The NASL, for example, relied on the big-name, expensive foreign player to attract fans. That plan worked initially. The New York Cosmos and its star Pele routinely drew crowds of 70,000 in the mid-1970s.

But the league eventually was crushed by the weight of the high salary its stars demanded.

Low-paid players, commanding about $1,200 a month, dominate the Heat and the other WSL teams' rosters.

"The first problem with the NASL was that it brought in players and gave them too much money," said L. A. Heat Coach Wim Suurbier, who played with Pele on the World Soccer team after leading the Dutch national team to the World Cup in 1974 and '78.

"This league has to stay low budget. If we win, maybe we'll get more money. But now, it's like semipro."

Relying on Locals

Suurbier said that it's equally important to rely on mainly local, American players. In fact, of the 11 players on the field at any one time, 9 must be American, according to league rules.

"There's enough good players around," he said. "And it helps if the people have followed the players through high school and college and really know them."

Mike Brady, a forward who led American University in Washington, D. C., to a runner-up finish to UCLA last season for the NCAA title, agreed with Suurbier.

"Hopefully, when people see the familiar names, it will generate interest," said Brady.

The Heat's local products include goalie David Vanole (Aviation High and UCLA), goalie Marine Cano (Bishop Montgomery High and El Camino College), defender Lou Sciappa (Hawthorne and Palos Verdes Highs) and the Ervine brothers, Glenn (North Torrance and El Camino) and Dale (North Torrance and UCLA).

Poor Attendance

However, the Heat has not ignited much interest. Michael Hogue, the team president, said that the average paid attendance at the Heat's first six home games has been about 1,100. The Hollywood team reportedly has had similar attendance figures.
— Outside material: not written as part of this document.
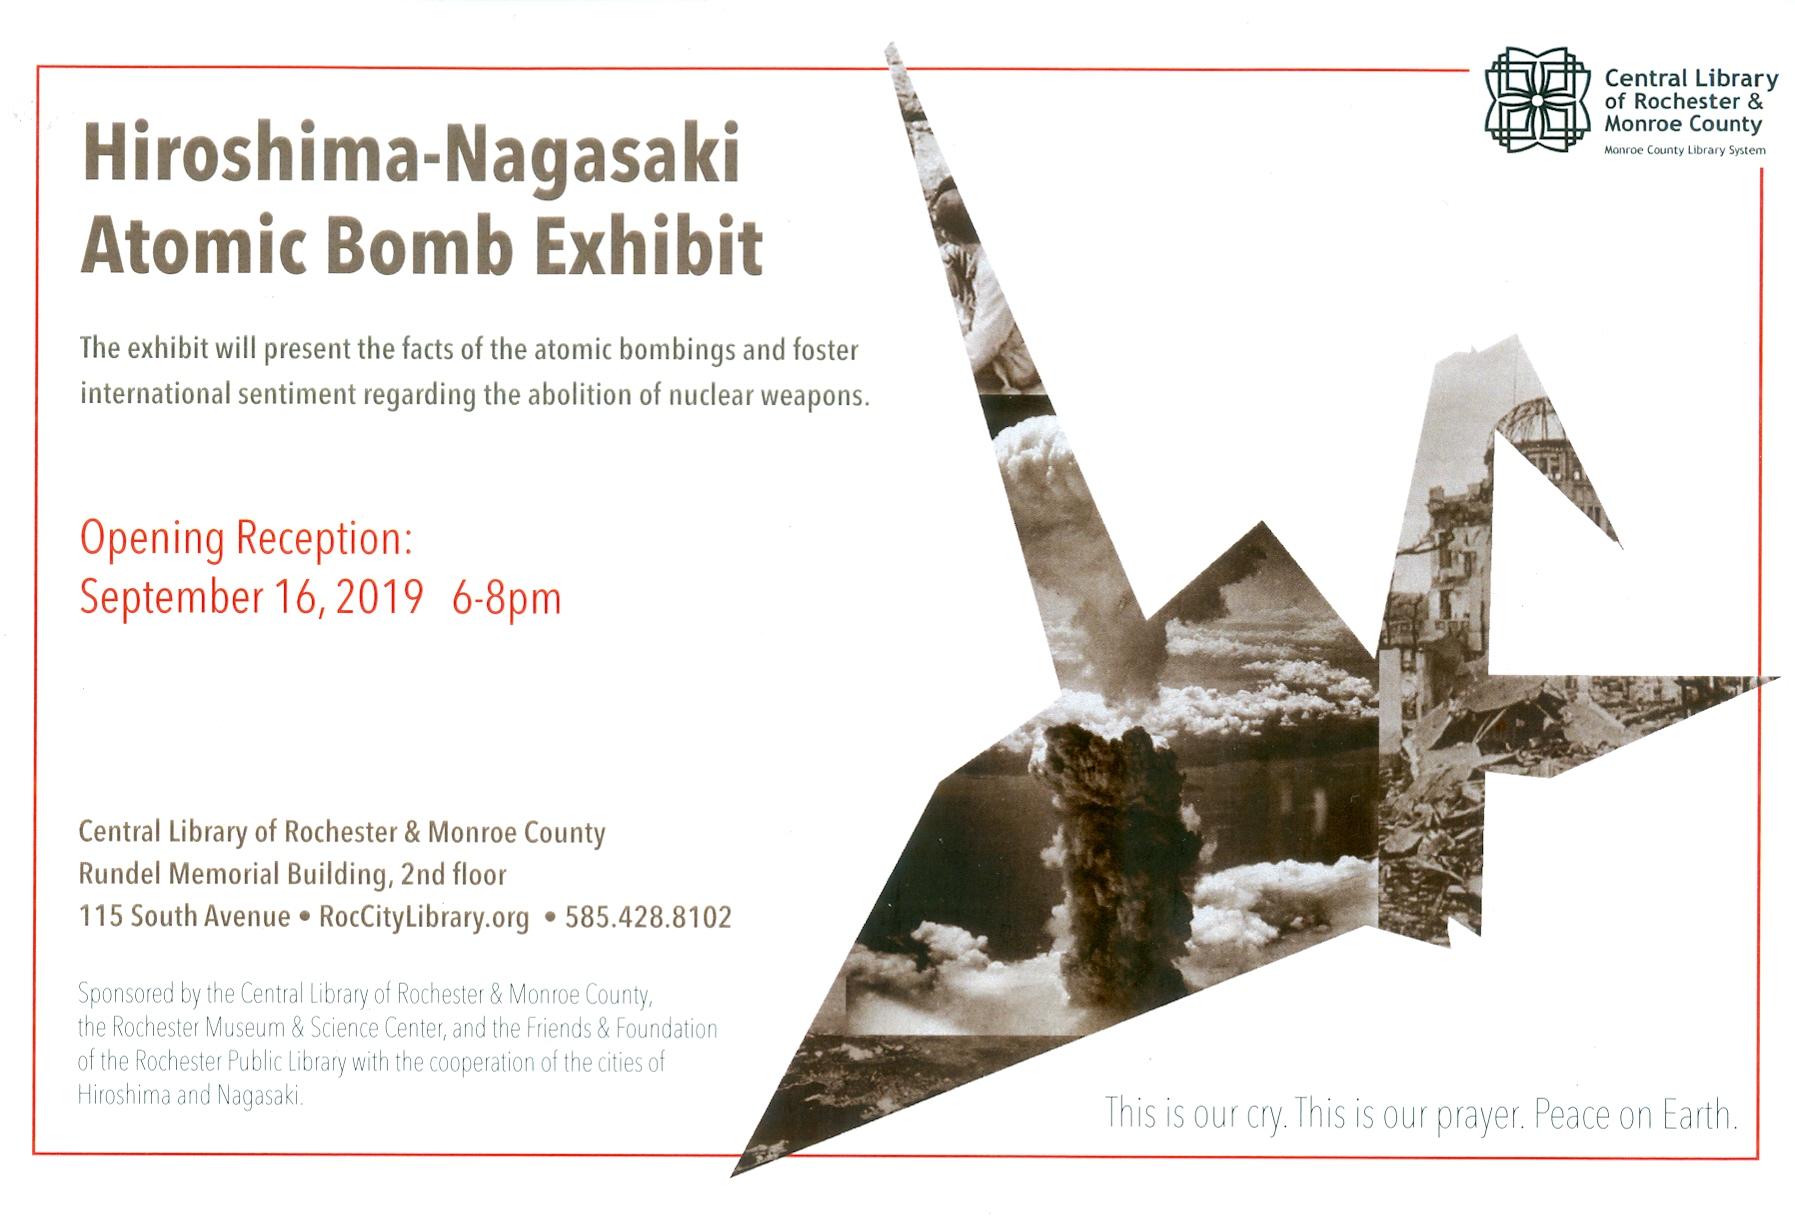 Hiroshima-Nagasaki Atomic Bomb Exhibit

"I'm really not sure why it hasn't taken off," said Dale Ervine, a two-time All-American forward who led the Bruins past American University. "We're all disappointed with the crowds we're getting."

Glenn Ervine said the crowds have been so small that it would take less time to introduce the people in the stands than the players.

"Seven teams have tried and seven teams have failed, so the percentages say you're going to lose your ass," Hogue said. "And although we've done fairly well at the gate compared to other teams in the league, we're below our expectations."

Not even the World Cup helped. In fact, Hogue said that as the cup picked up steam, which translates into increased interest and viewers, the Western Soccer Alliance lost fans.

Damaged by Past

The Heat plays its games on Saturdays and the weekend was the prime time to watch World Cup action, he said. Still, Hogue didn't blame the World Cup for the lackluster support of his team. Instead, he pointed his finger to the past failures.

"When pro soccer was here, it alienated a lot of people," he said. "So now, we're paying for the sins of others.

"There was a base of support here at one time. The Surf and the Aztecs used to draw 3,000, 4,000 and even 5,000 a game. But that base has disappeared, and we have to rebuild it."

Suurbier, a native of Amsterdam, argues that the fundamental problem has been and is that American leagues lack organizational foundation. For one thing, he said that friction exists between the amateur and professional ranks.

"In Europe, you start playing when you're 10," he said. "If you're good enough, you play professionally. If you're not, you play amateur soccer. But you can play both.

"Here, if you play pro, you can't play in college. That's a big disadvantage. You can learn so much from both sides."

Game Conflicts Hurt

He added that in Europe no league games ever would be scheduled in conflict with a national team game. But in the U. S., a player often must choose between league and national games.